Return the complete listing exactly as it reads, with each picture removed.

Collected data:
----

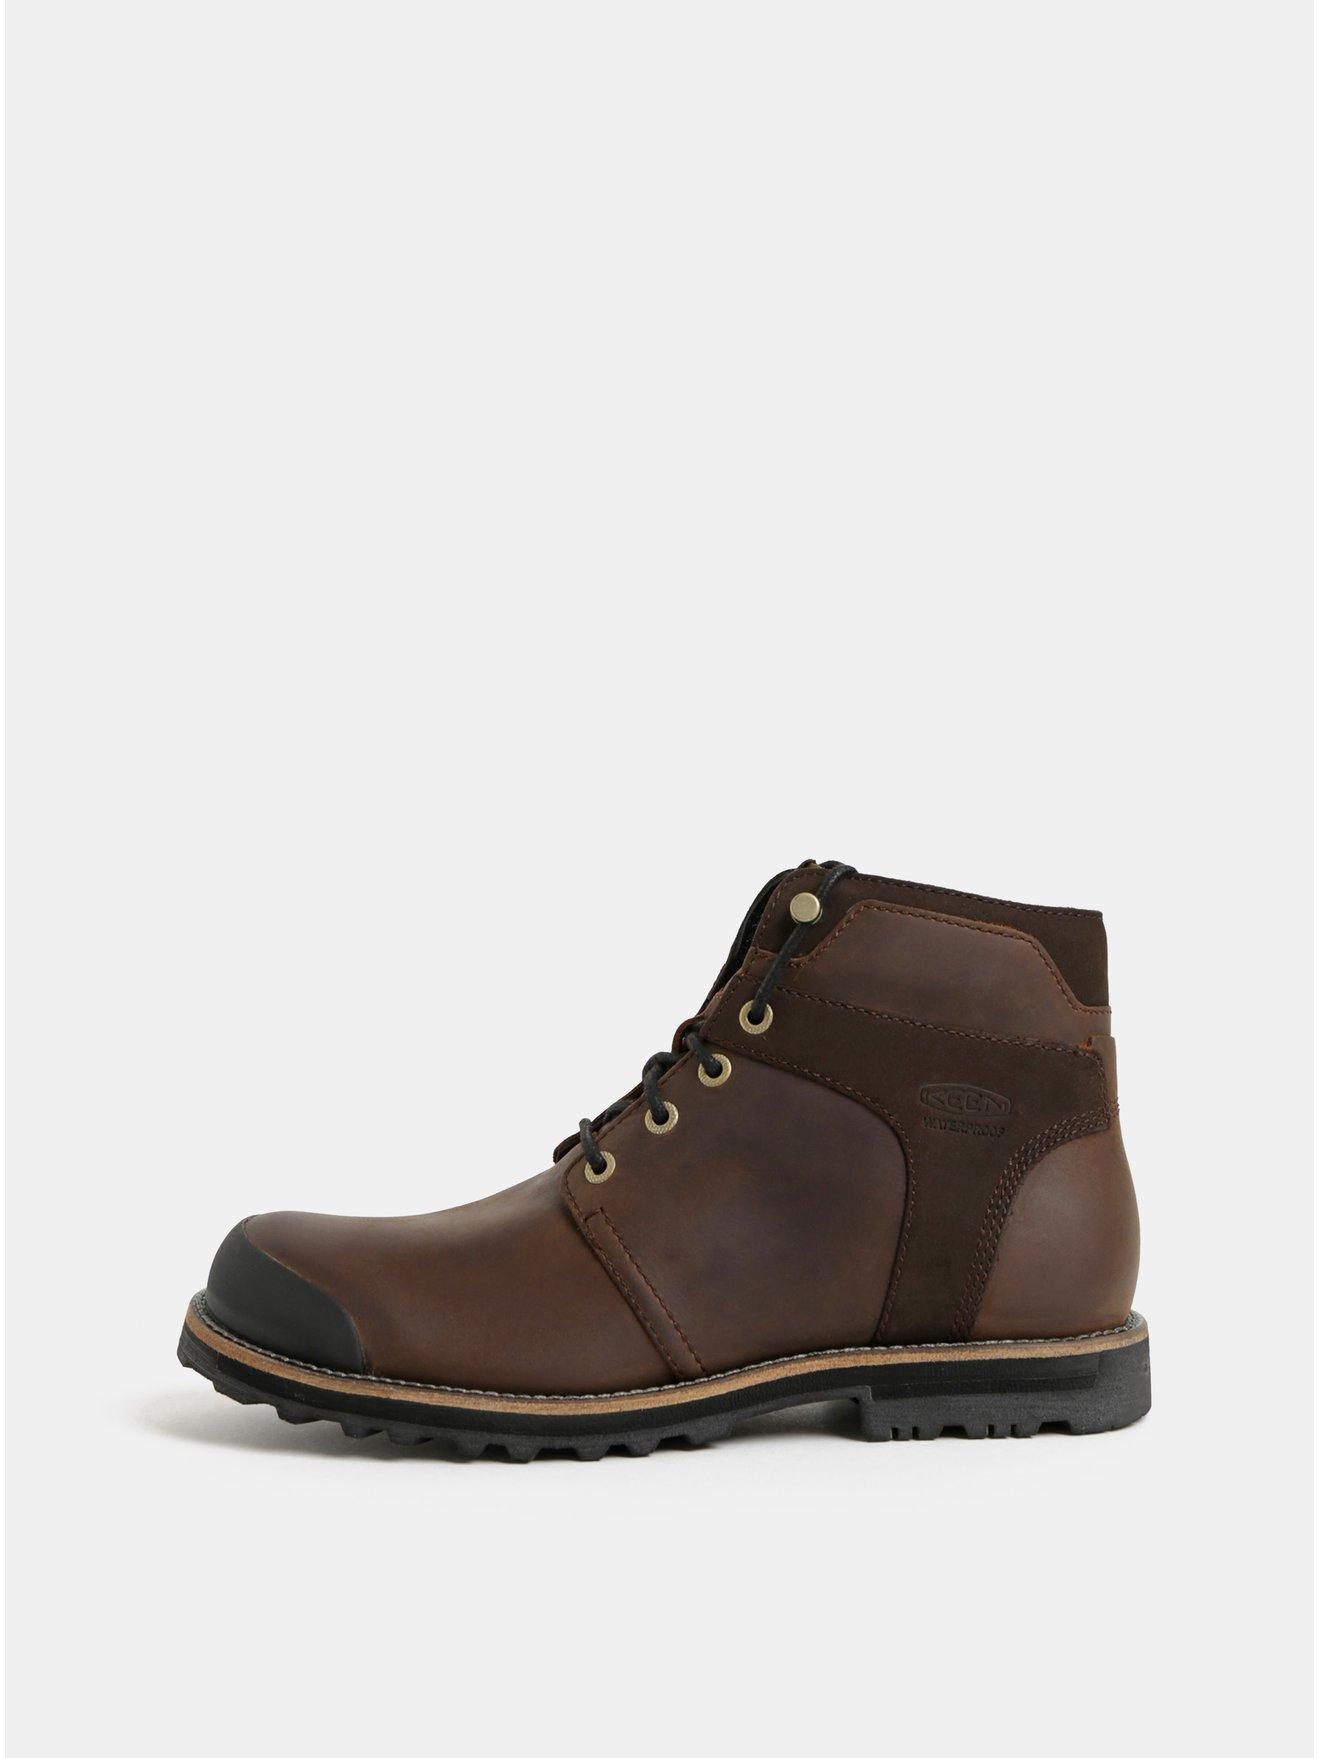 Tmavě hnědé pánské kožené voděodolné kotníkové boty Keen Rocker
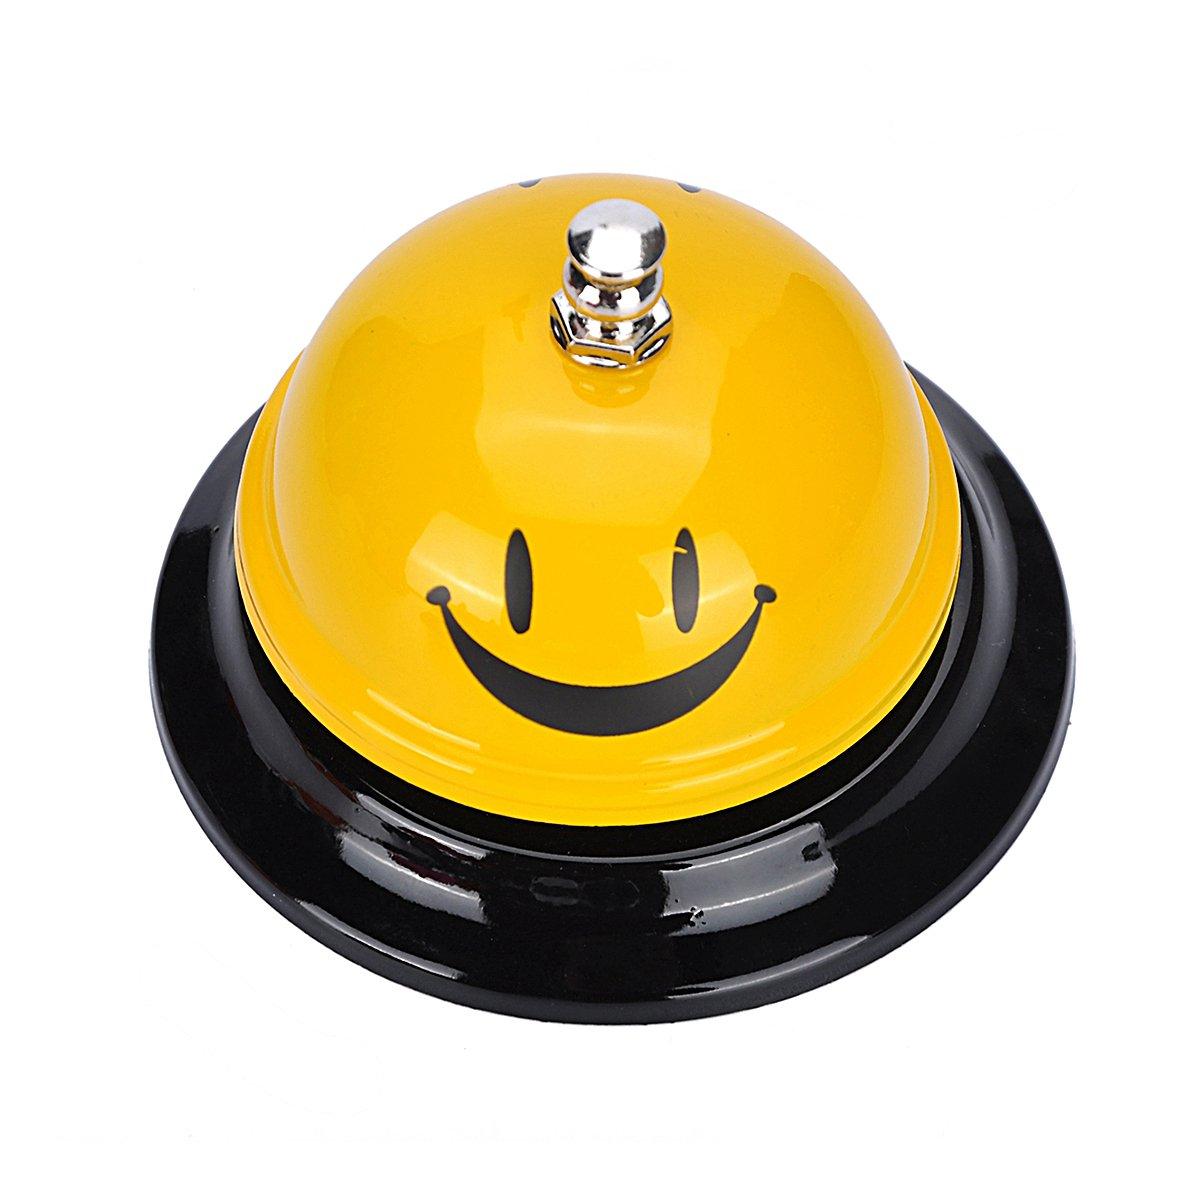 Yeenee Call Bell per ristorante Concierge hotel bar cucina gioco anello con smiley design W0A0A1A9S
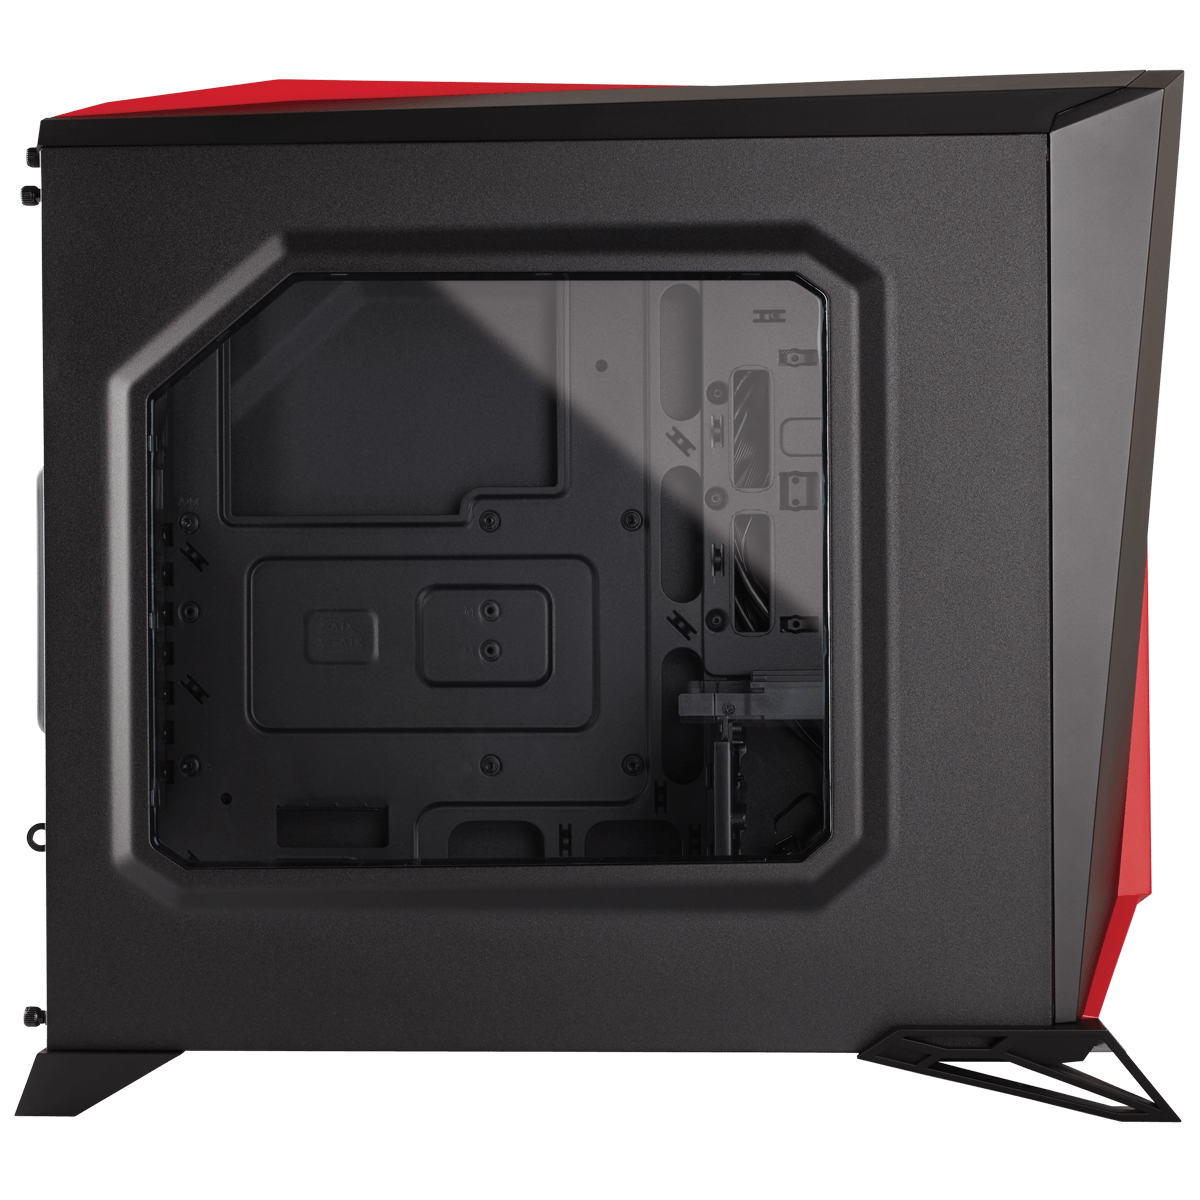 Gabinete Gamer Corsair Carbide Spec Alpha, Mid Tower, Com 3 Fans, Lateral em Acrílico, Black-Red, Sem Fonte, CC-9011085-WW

----

Your solution:
 Tmavě hnědé pánské kožené voděodolné kotníkové boty Keen Rocker
 Yeenee Call Bell per ristorante Concierge hotel bar cucina gioco anello con smiley design W0A0A1A9S
 Gabinete Gamer Corsair Carbide Spec Alpha, Mid Tower, Com 3 Fans, Lateral em Acrílico, Black-Red, Sem Fonte, CC-9011085-WW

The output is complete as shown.